***NEED JAVA HELP ASAP***

[santana9]

Hi, I have been stuck on this simple array java problem for the longest time and know I am missing a little detail. The code is to find the maximum value in the array and then delete that value. Here is the code that I wrote:

public void removeMax()
{
if (nElems > 0) { // checks if array is empty
long maxSoFar = a[0]; // remembers first value

for (int j=0; j < nElems; j++) // remembers any larger values

{
if (a[j] > maxSoFar)
maxSoFar = a[j];
for (int k = j; k<nElems; k++) // move higher ones down
a[k] = a[k+1];
nElems--; // decrement size
} // end if
} // end if

} // end removeMax
} // end class HigherArray

I think it might have to do with some of the brackets being misarranged.
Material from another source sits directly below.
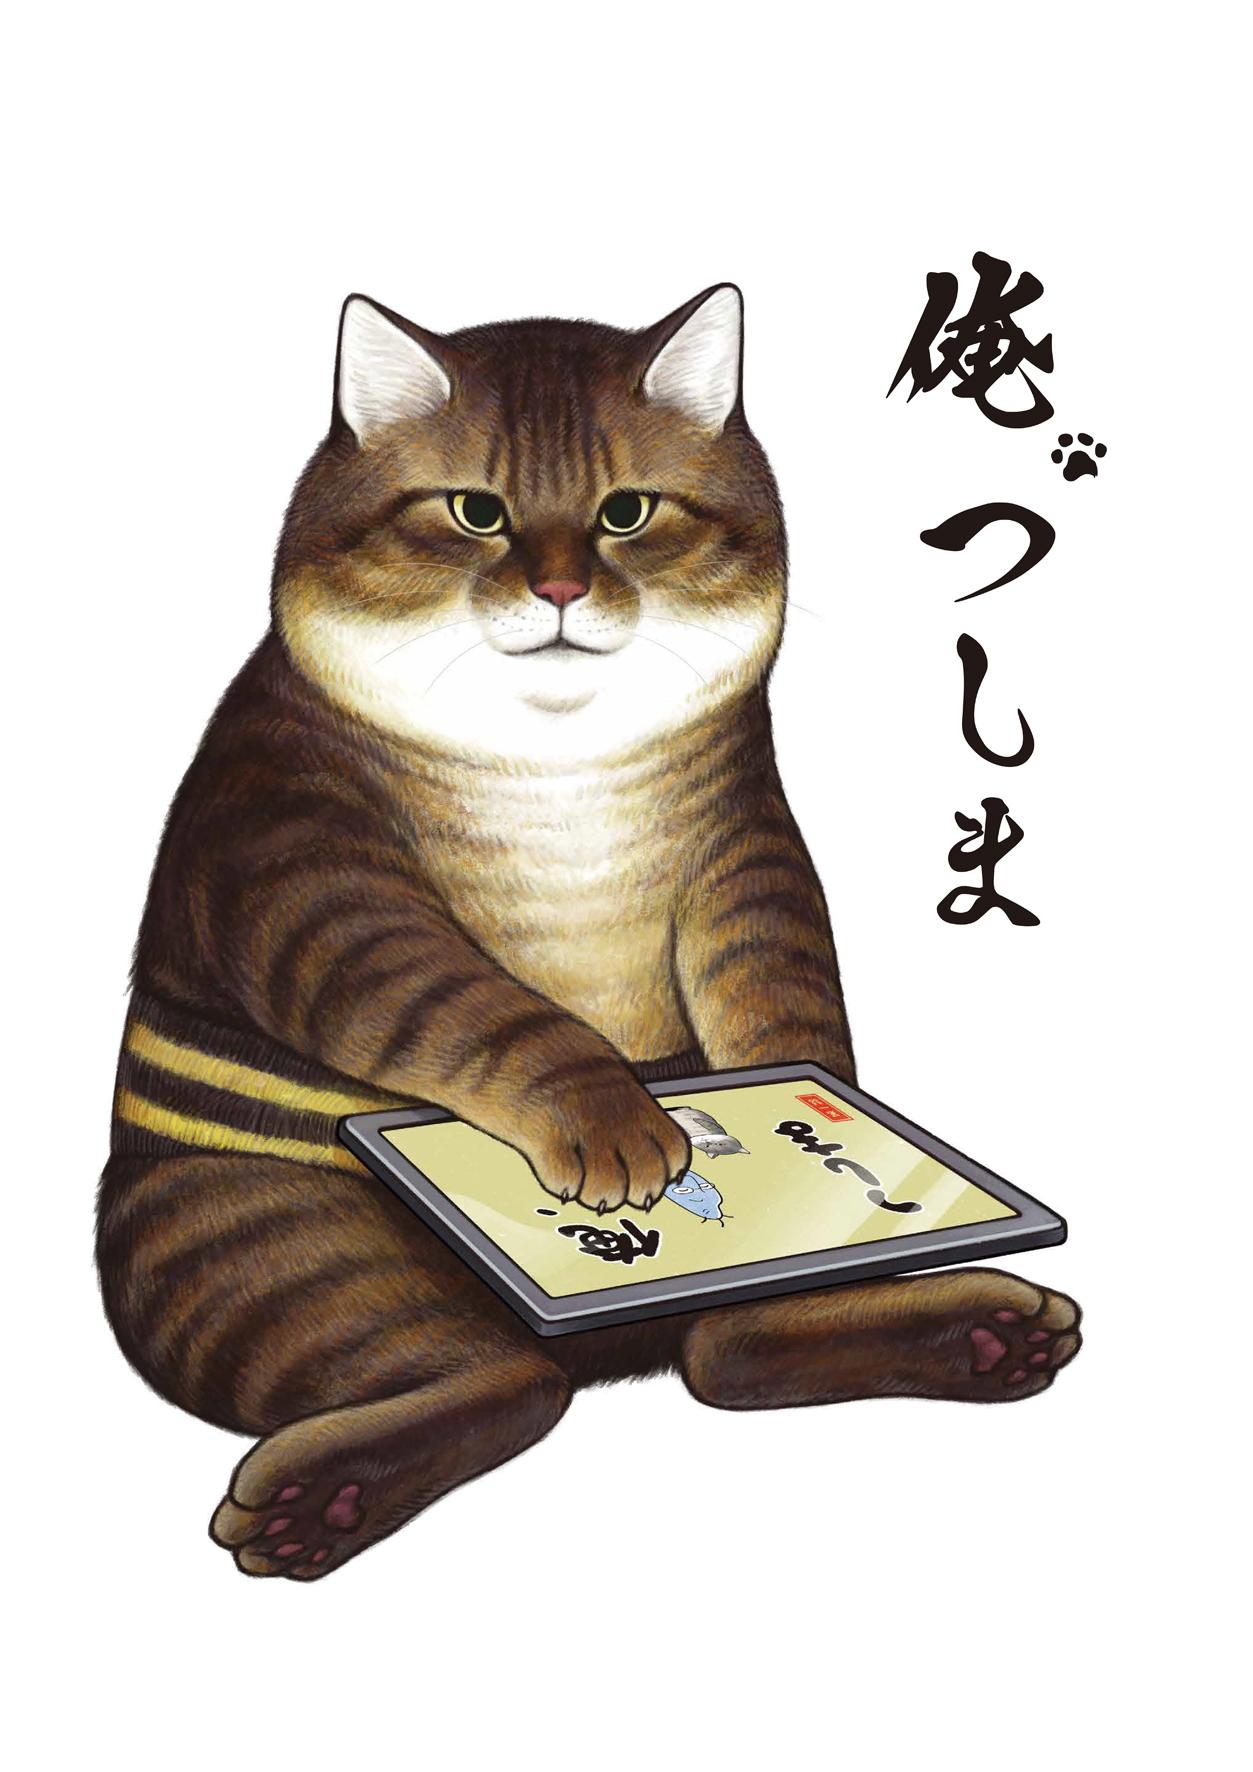 しゃべる 猫 コロナ
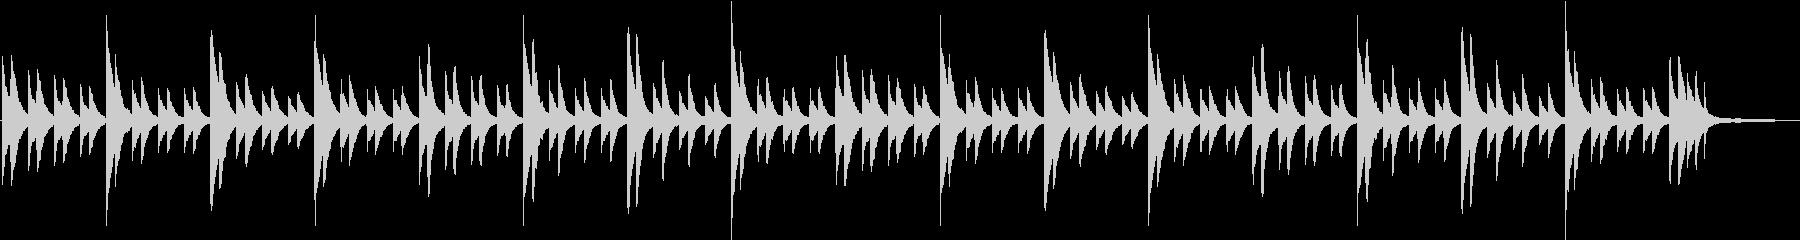 ピアノの困惑したようなテイストの曲の未再生の波形

I have to stick with this simple array structure for it is a computer science assignment. Thanks for your input.

 

[Codewiz]

OK thats better, thanks mods. Now I will actually look at your question.

 

[Yomicron]

You need to find where the largest value is before you try to remove anything.
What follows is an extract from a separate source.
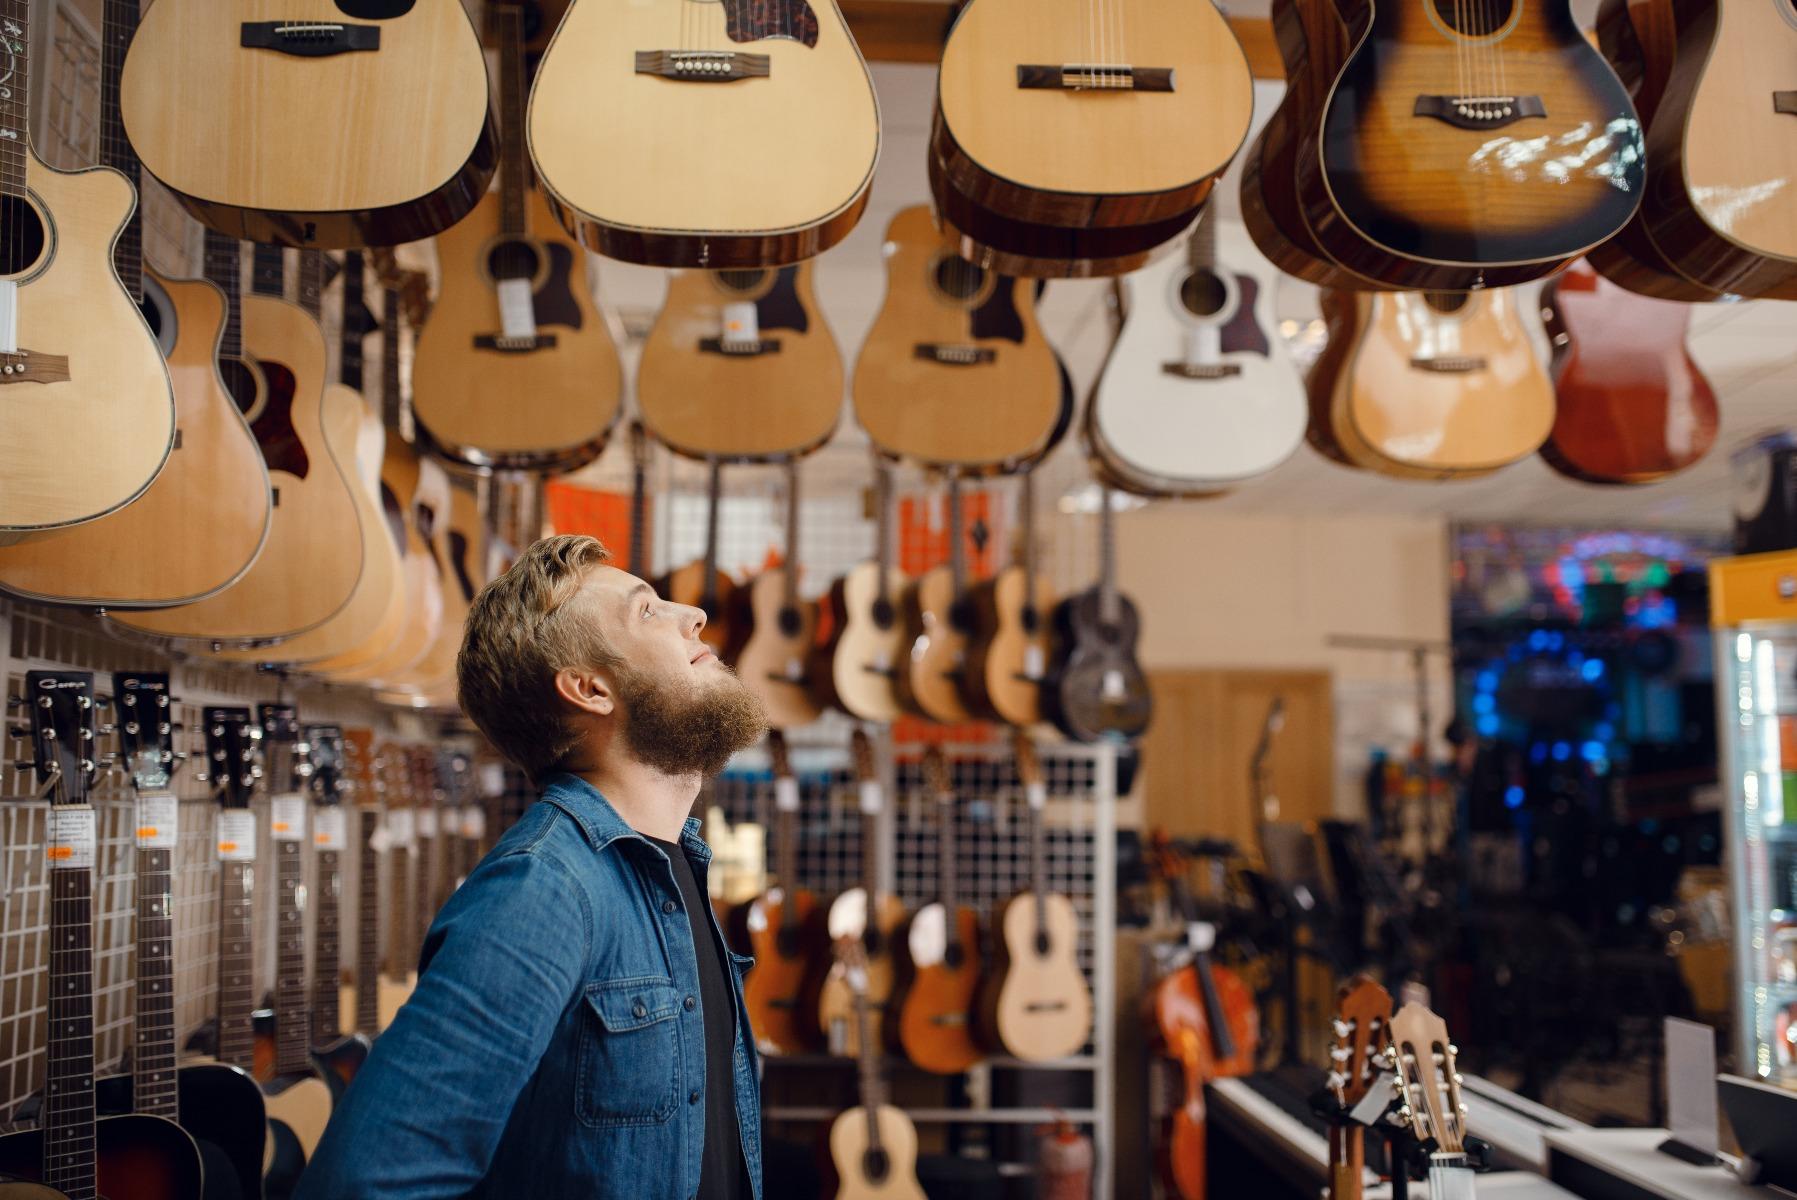 Ein Mann sucht sich eine Gitarre aus

Also, you have 2 closing braces labeled 'end if', but only one opening brace for an if statement.

 

[Codewiz]

Originally posted by: Yomicron
You need to find where the largest value is before you try to remove anything.
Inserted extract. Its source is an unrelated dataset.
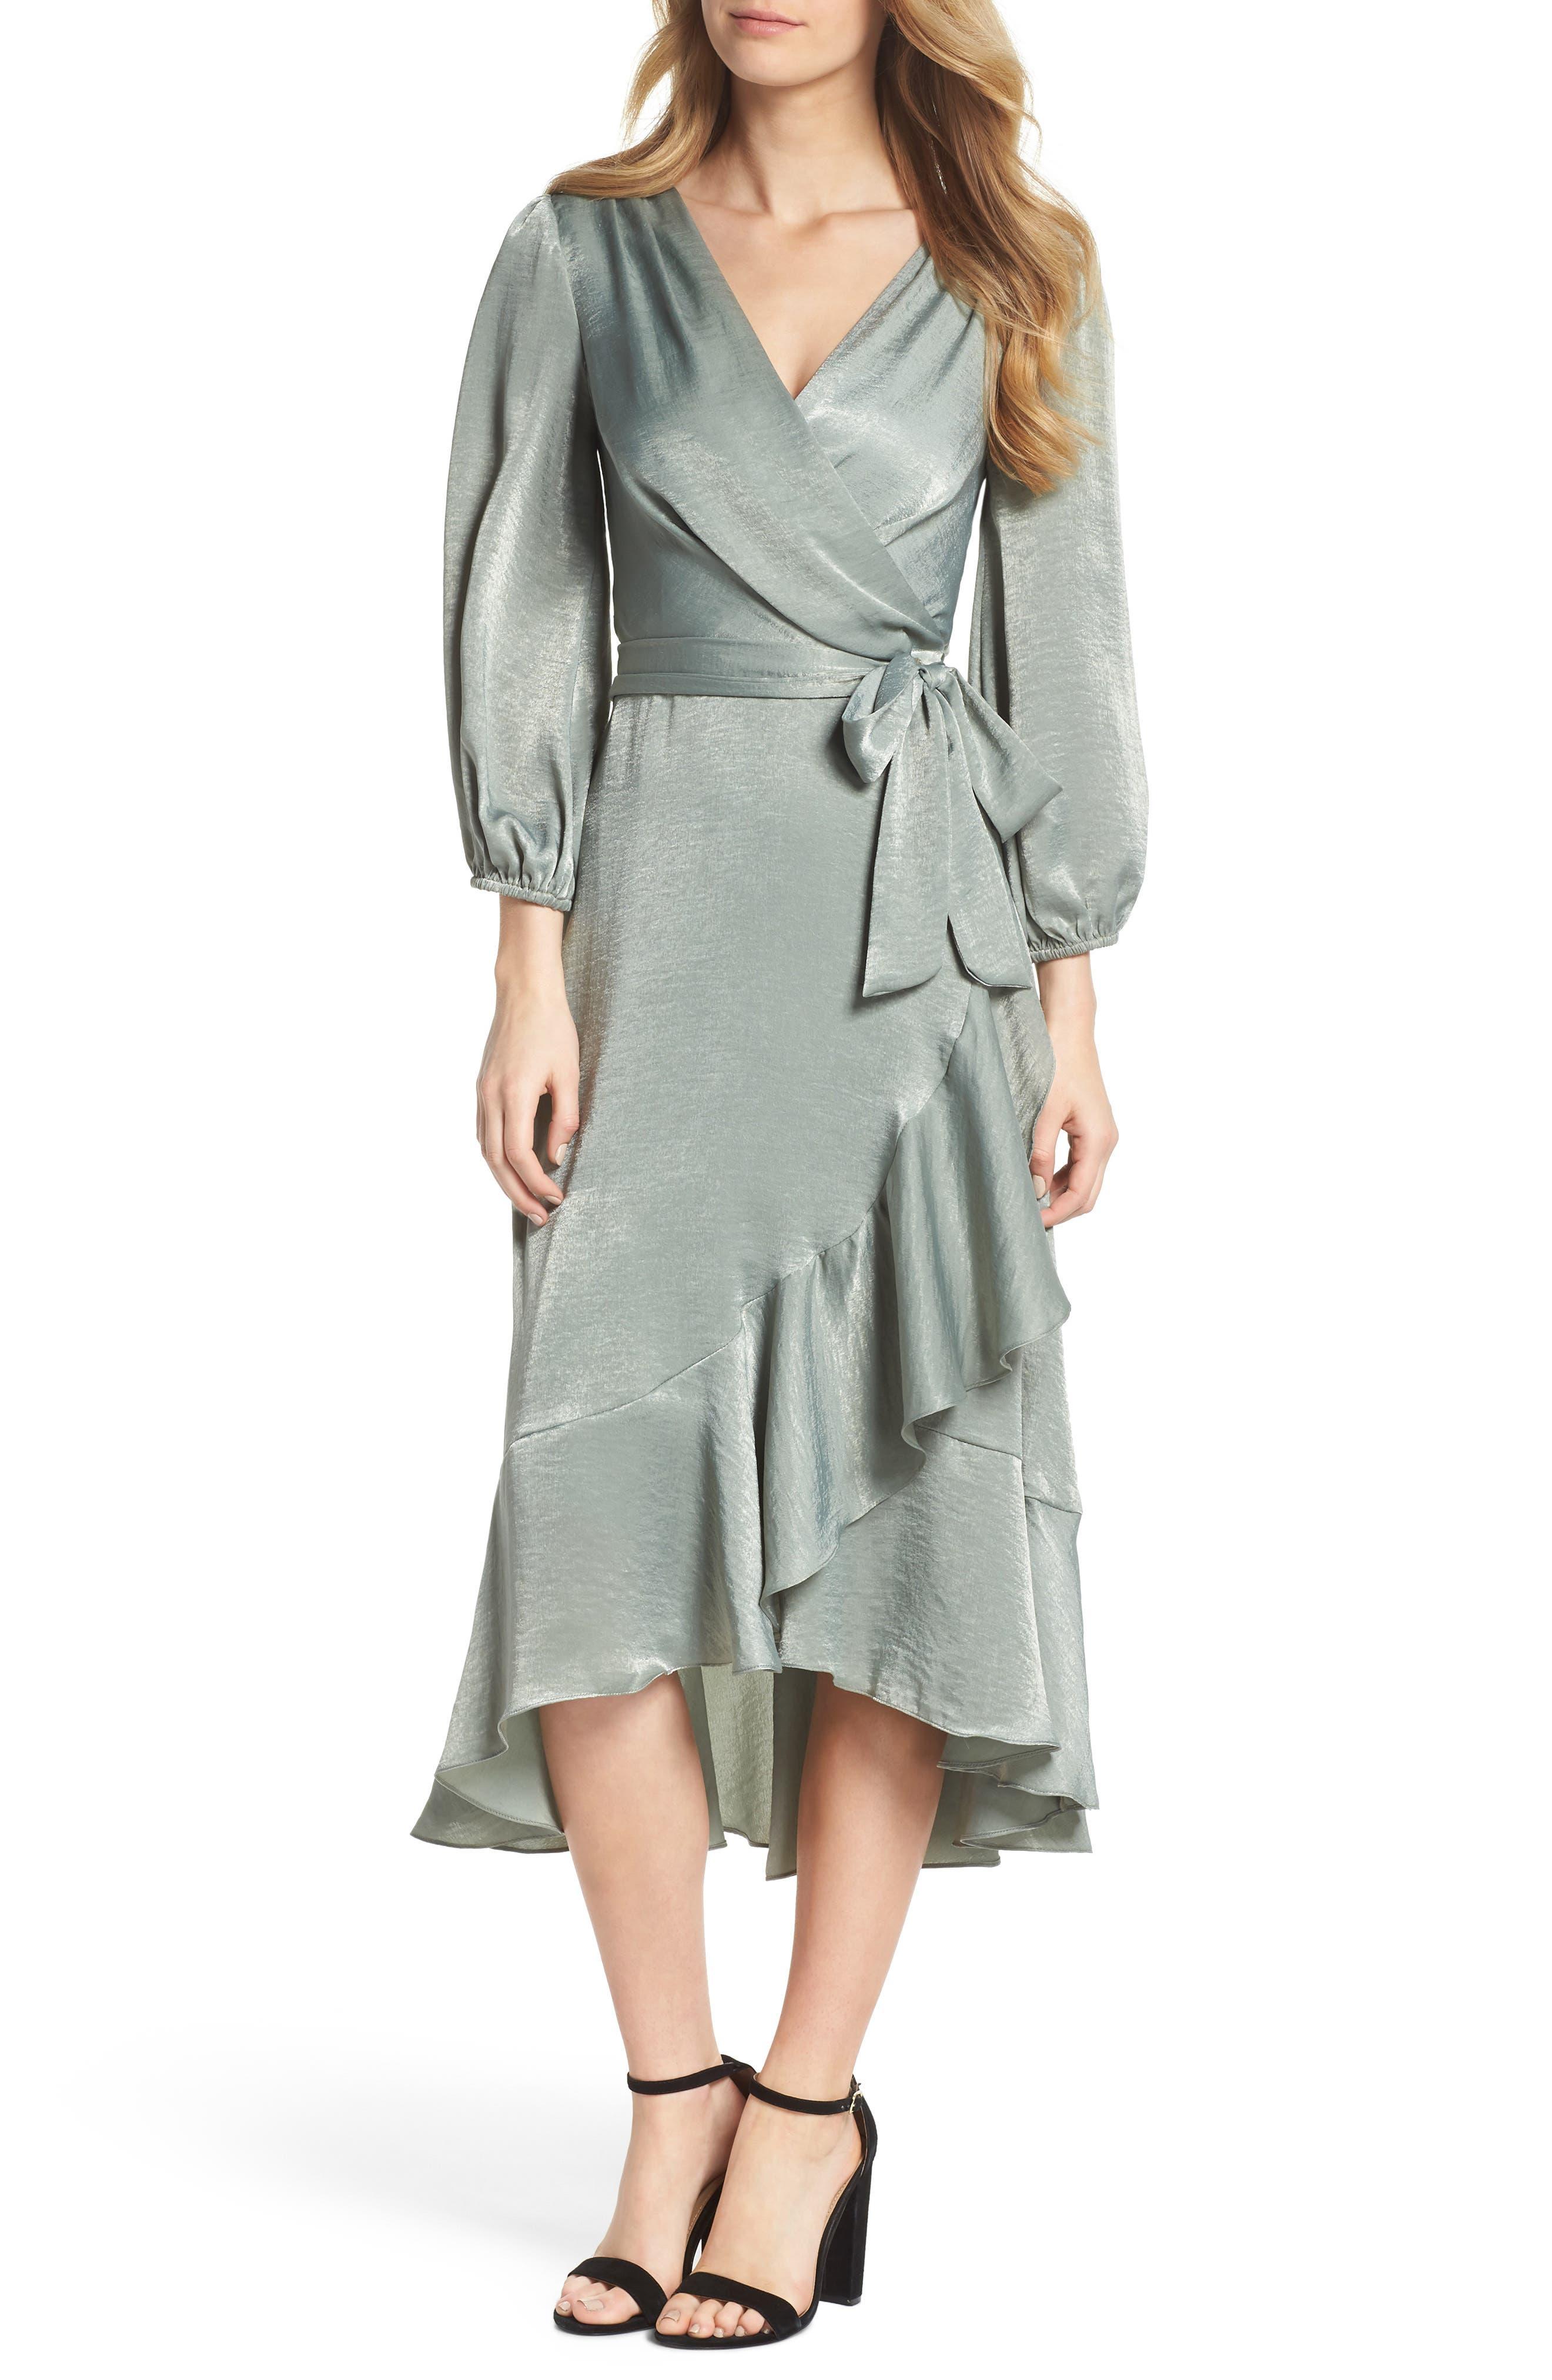 Jennifer Shimmer Satin Wrap Dress,                             Main thumbnail 1, color,                             321

No he doesn't. Looks like he is just going out of bounds of the array.

a[k] = a[k+1]; Will go out of bounds.

It would help if you tell us what problem you are actually having.

 

[Yomicron]

Originally posted by: Codewiz

Originally posted by: Yomicron
You need to find where the largest value is before you try to remove anything.

No he doesn't. Looks like he is just going out of bounds of the array.

a[k] = a[k+1]; Will go out of bounds.

It would help if you tell us what problem you are actually having.

his code performs a remove every time it goes through the ' j ' loop. If he is missing a brace on the second if, then given the array {1,2,3,4}, it will get to the 2 and then remove it, then it will get to the 3 and remove it, then it will get to the 4 and remove it.

But you are correct that it will go out of bounds when it tries to remove an element.

 

[Codewiz]

Originally posted by: Yomicron

Originally posted by: Codewiz

Originally posted by: Yomicron
You need to find where the largest value is before you try to remove anything.

No he doesn't. Looks like he is just going out of bounds of the array.

a[k] = a[k+1]; Will go out of bounds.

It would help if you tell us what problem you are actually having.

his code performs a remove every time it goes through the ' j ' loop. If he is missing a brace on the second if, then given the array {1,2,3,4}, it will get to the 2 and then remove it, then it will get to the 3 and remove it, then it will get to the 4 and remove it.

But you are correct that it will go out of bounds when it tries to remove an element.

I think I see what he is attempting to do, I would go about it a totally different way but he could solve the problem you are talking about with a simple return statement after he find the largest and moves everything down.

 

[JavaMomma]

Edited: Showing you what your missing, and let you figure it out. Dont want to just give you the answer or else you wont learn.

Basically you need to keep track of the position of the largest value.

long maxSoFar = a[0]; // remembers first value
int maxpos = 0; // position of the max value

for (int j = 0; j < nElems; j++) { // remembers any larger values
if (a[j] > maxSoFar){
maxSoFar = a[j]; // replace the max number so far with the new one
maxpos = j; // record the position of it
} // end if
}

 

[notfred]

// Figure out which is the biggest value.
int biggestValue = array[0];
ing biggestPosition = 0;
for(int i = 1; i < array.length; i++){
if(array[ i ] > biggestValue){
biggestValue = array[ i ];
biggestPosition = i;
}

// you can't actually remove a value from an array, but we'll move it to the end and set it to 0.
for(int i = biggestPosition; i < (array.length-1); i++){
array[ i ] = array[i+1];
}
array[array.length] = 0;

// At this point, you'll probably want to decrement whatever counter you're using to keep track of the number of
// entries in the array that are actually useful.